▶ _ASSIGNMENT_
Copy the data below exactly, omitting any picture it contains.

▶ _RAW DATA_

== Segment start ==

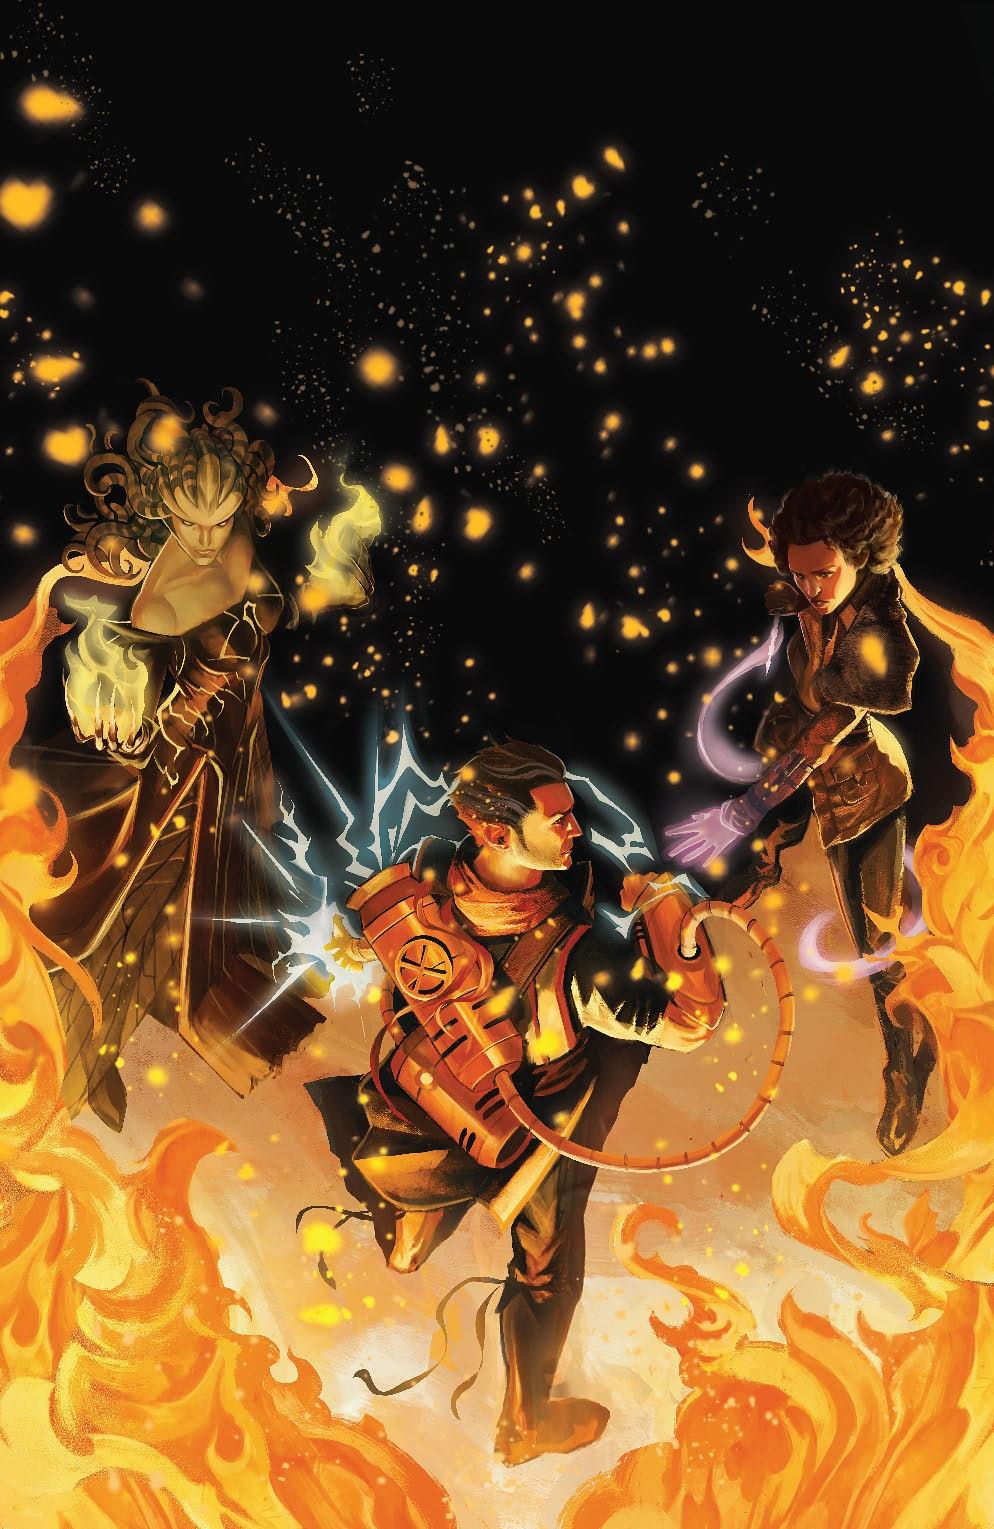 Magic_005_Cover_H_Unlockable ComicList Previews: MAGIC #5
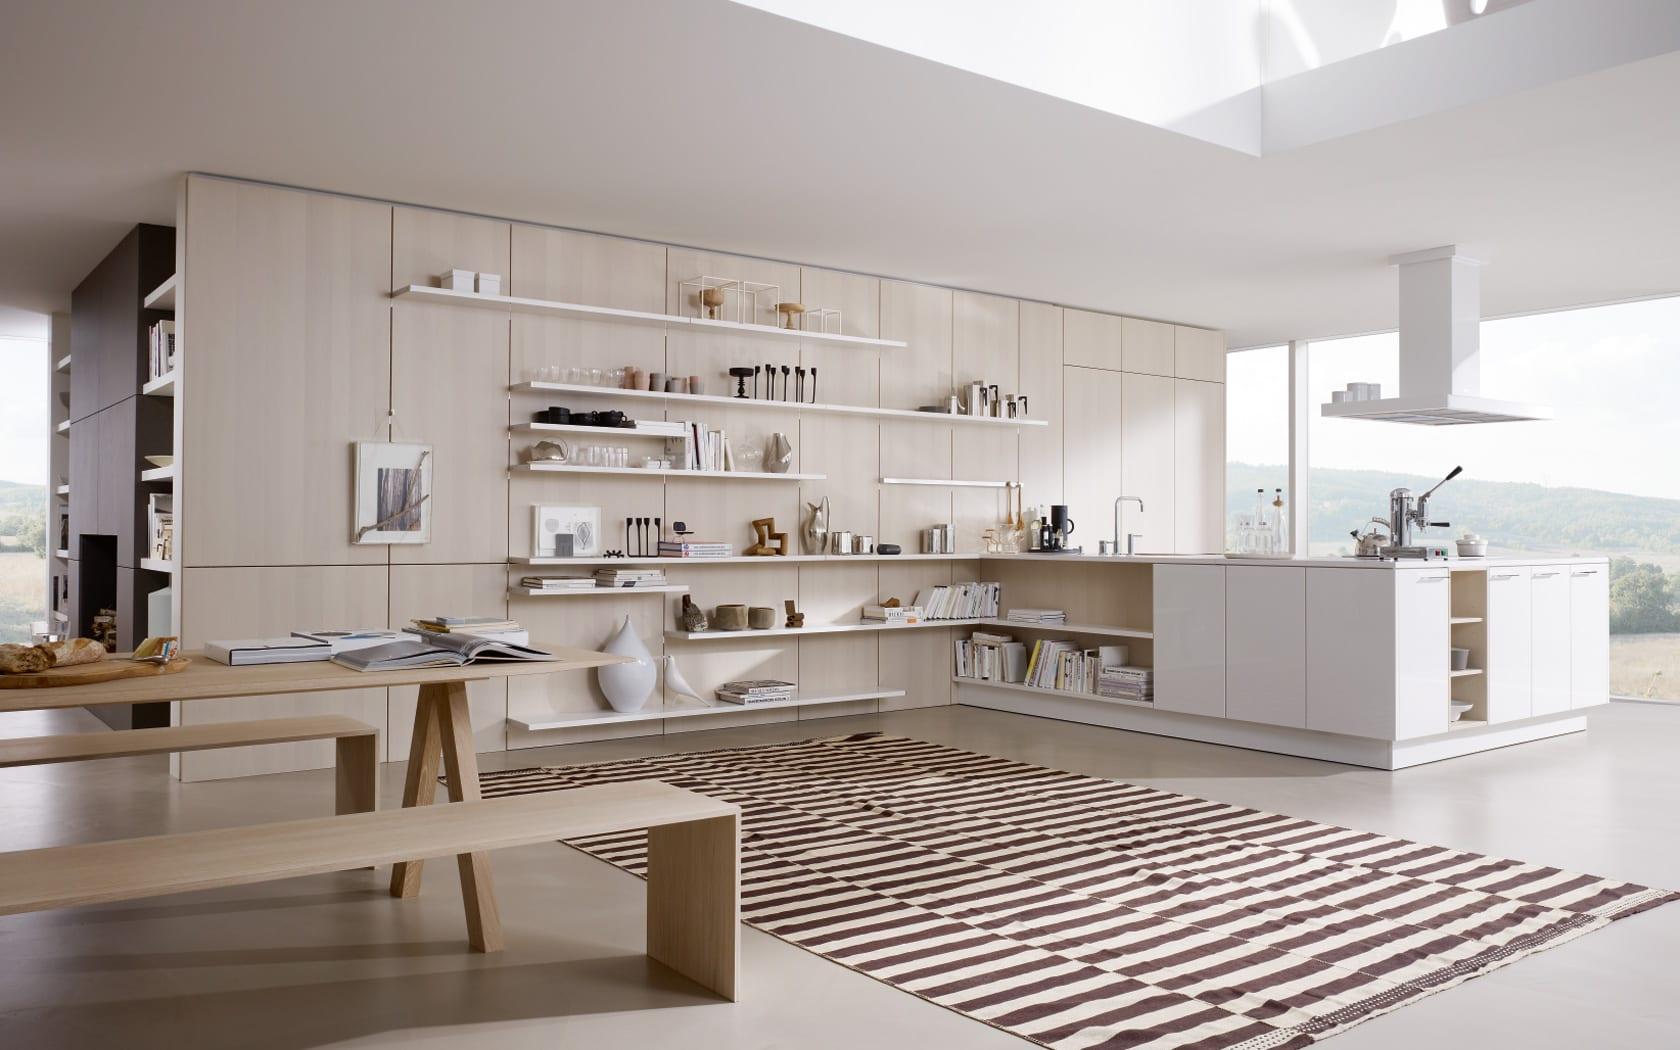 offene Küche in weiß mit Holzwand - Wohnungsgestaltung-wohnzimmer einrichten
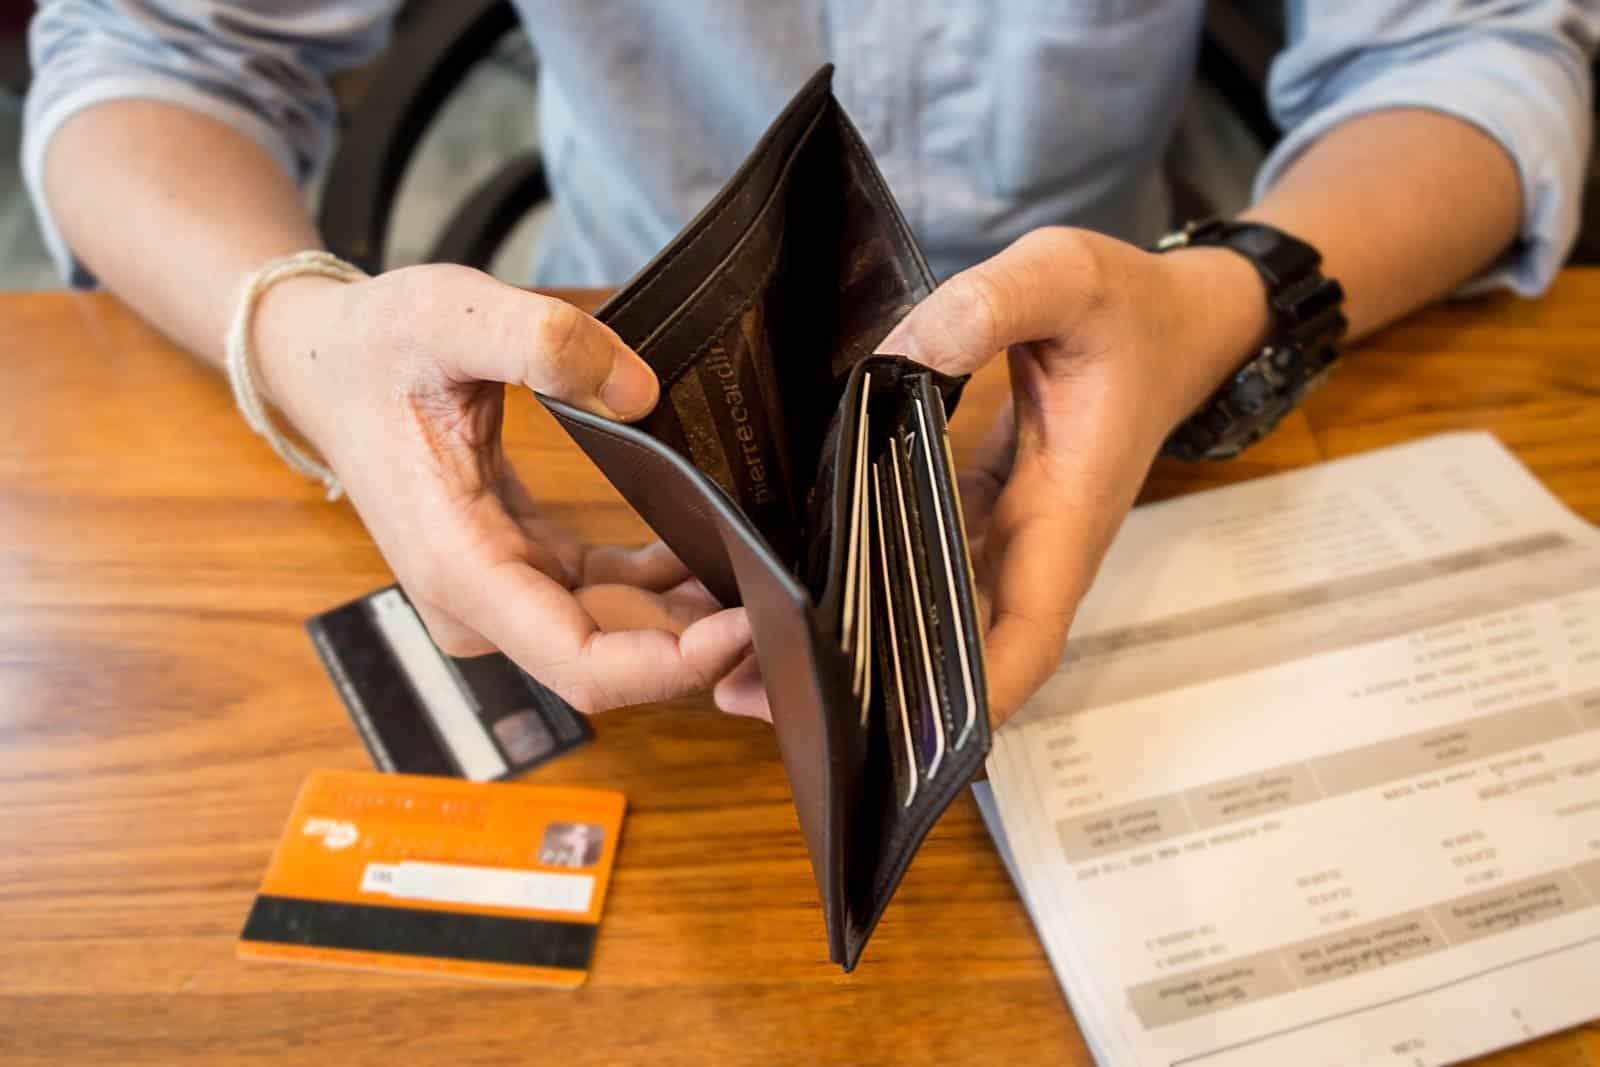 Brzi kredit za zatvaranje blokade bez ovjere u firmi
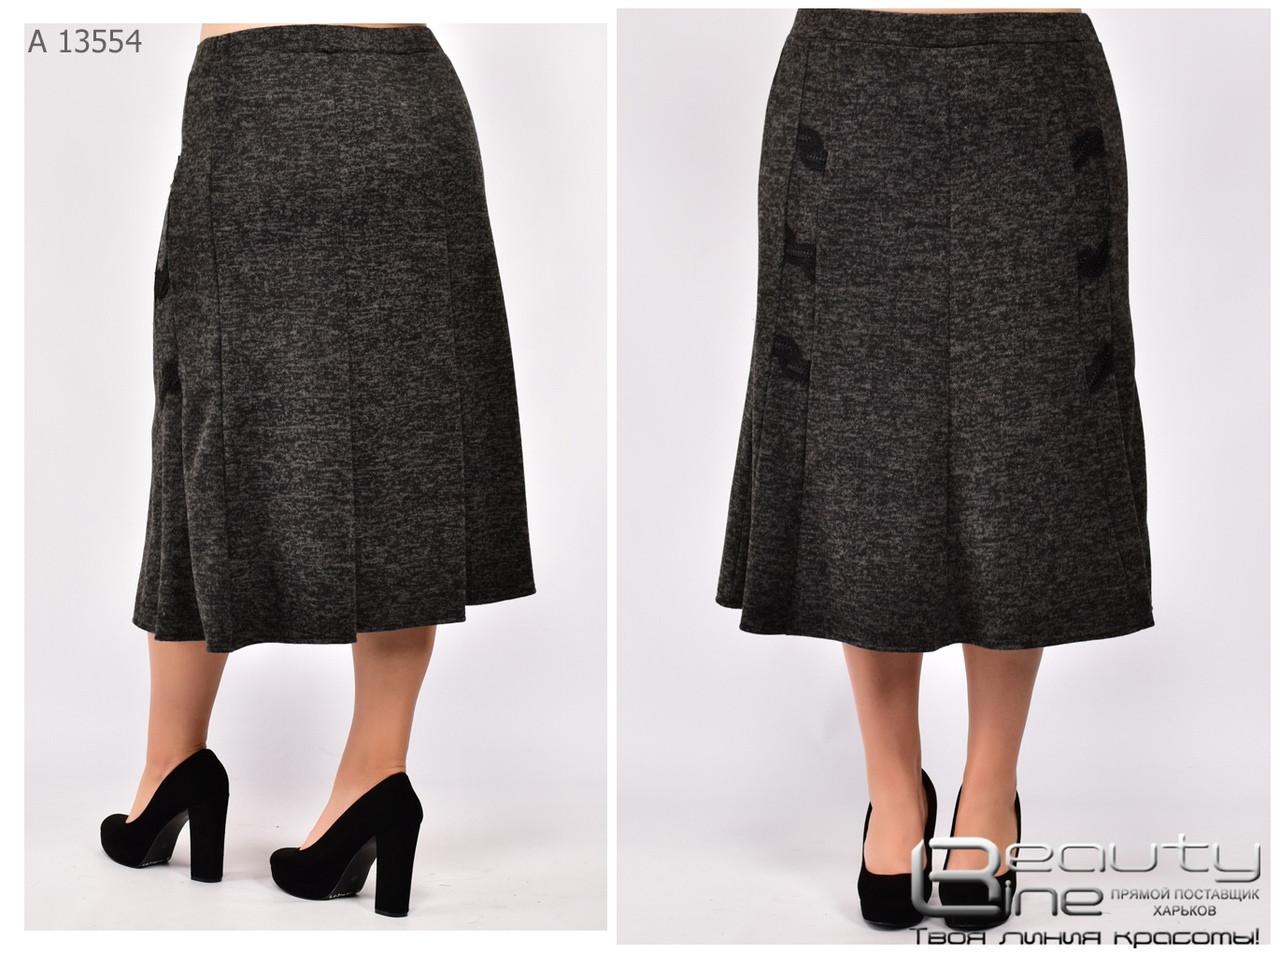 Теплая женская юбка ангора софт в большом размере  Размеры: 52.54.56.58.60.62.64.66.68

== Segment end ==

▶ _EXERCISE OUTPUT_
 Magic_005_Cover_H_Unlockable ComicList Previews: MAGIC #5
 offene Küche in weiß mit Holzwand - Wohnungsgestaltung-wohnzimmer einrichten
 Brzi kredit za zatvaranje blokade bez ovjere u firmi
 Теплая женская юбка ангора софт в большом размере  Размеры: 52.54.56.58.60.62.64.66.68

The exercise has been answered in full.